The end result I see is large corporations will take part in "educating" the children of their employees, but will only see the long term benefit of that if they can turn that into a future feeder system that replicates the "salaryman" dilemma in a place like Japan. Where people literally work themselves to death.
The most anyone can do is try to give a child as much practical life skills type education in their personal households. Part of this equation is that the majority of parents out there today are likely not suited to be parents. If you won't show up at a Jamba Juice or something like that, and put on an apron and shove fruit into blender and sweep some floors but would rather see your kids potentially be homeless in a few months, then why exactly are you a parent in the first place?

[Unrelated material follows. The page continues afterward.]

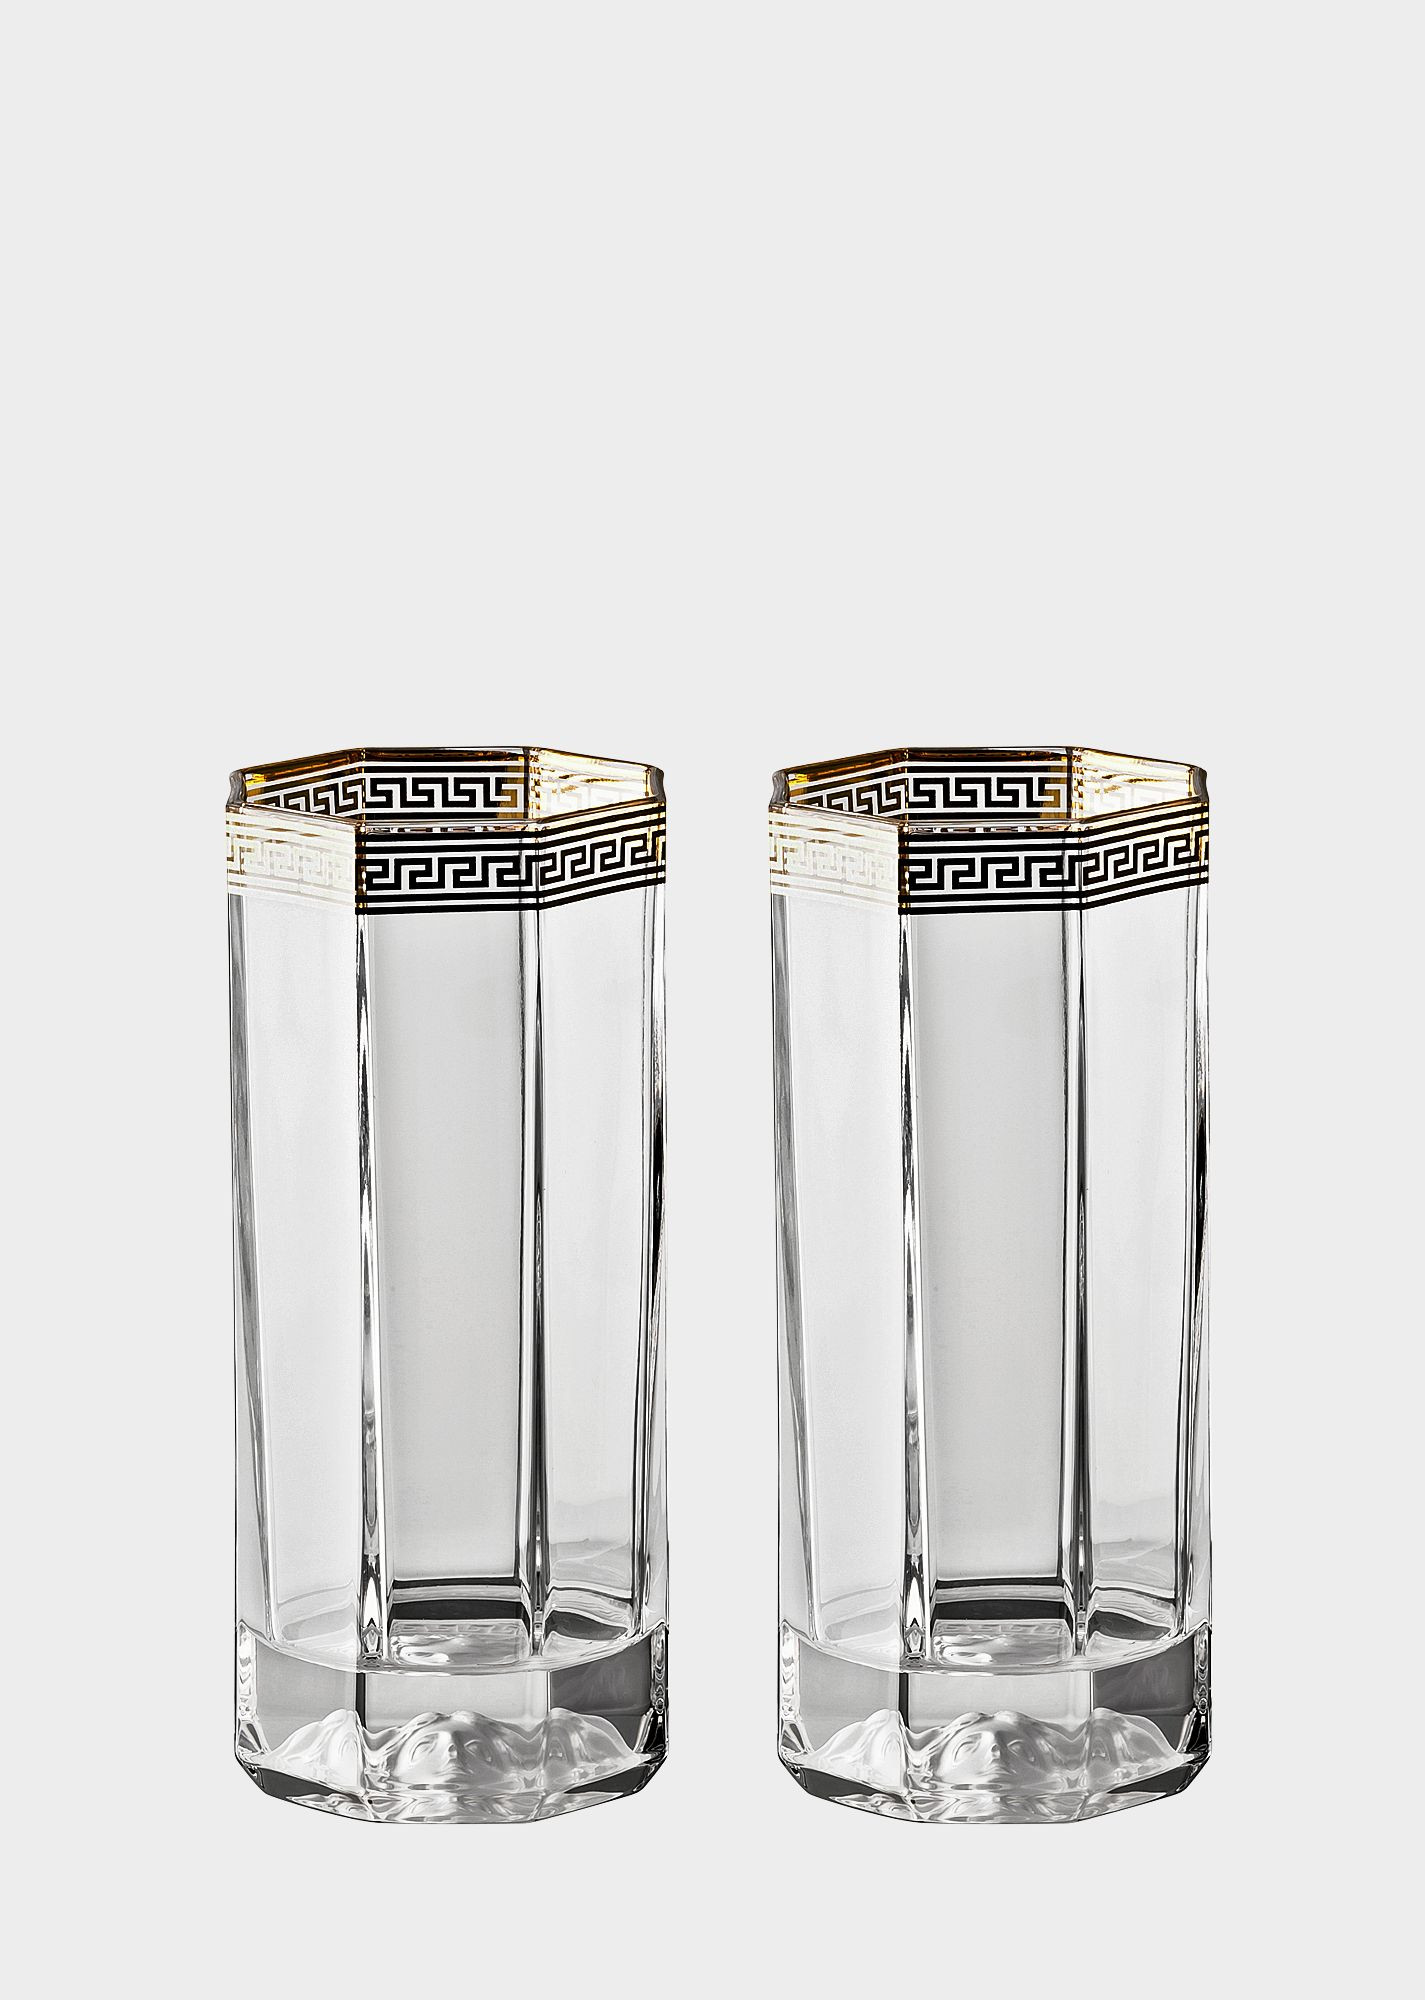 27 Lovable Moser Glass Vase 2024 free download moser glass vase of 21 crystal glass vase the weekly world with regard to versace home luxury glass crystal

Most people don't get that you can't choose two things at once. You cannot, on an individual adult level, choose your narcissism or your fear of failure or your doubt or whatever is holding you back in life, and then also choose what's best for young children. Some people pick their demons, the ones they sleep with at night, over their own kids. Even to the point of risking those kids out on the streets and untethered over it. Again, why are some people parents?
Does that offend people? Because I don't care if it offends people. My parents were horrible people. I certainly would have been better off not being born at all. I did not make it to the other side. I only have the social/cultural/material trappings of "success" where society will say I made it to the other side. But I still carry all of that legacy with me. The evil in them, the evil that decided to choose to have a child and then abandon their child, some of that poison is deep down within me. That was my greatest fear for my godson, that I'd only revert to being the father who outright refused to raise me. I love my godson more than my own life. But I didn't enjoy raising him. Not a single bit of it. I don't begrudge him anything, he was an innocent, but I understand I am not naturally suited to be a parent. The only litmus test I had left was to understand that I had to change the worst parts of myself, so I could try each day to become the kind of man that I wanted him to grow to be, so he'd have a chance in this life.
What did Herb Brooks say to Mike Eruzione? He said -
Worry about your own game, trust me, there's plenty there to keep you busy.
I see far too many parents who have not gotten past the worst parts of themselves as individuals. Why try to have a child on top of that? Or multiple children? So they can grow up and be tossed out on the street because you won't work at a Jamba Juice and have to bus a table that might be full of your other local "helicopter over privileged school mom fake friends"?
A highly rated expensive private school does not wash away these other issues above. It doesn't make up for the toxic pathology of what many parents do as discussed above.
@Otis complains endlessly in public about becoming a borderline alcoholic, yelling at his family, being unhealthy physically to the point of risk, acknowledging he's evolved into a fully formed hateful resentful person, for a life he chose no less, and the only person who challenges him on the toxicity of that as a zero example to his actual children is the retired geriatric who is the truly the most "not a good person, not even close" individual here?
The kind of schools out there is a problem. I won't disagree. But the real war for your kid's futures is fought in your homes first. It's fought at an individual level through you and being accountable to reaching your full potential as an authentic person.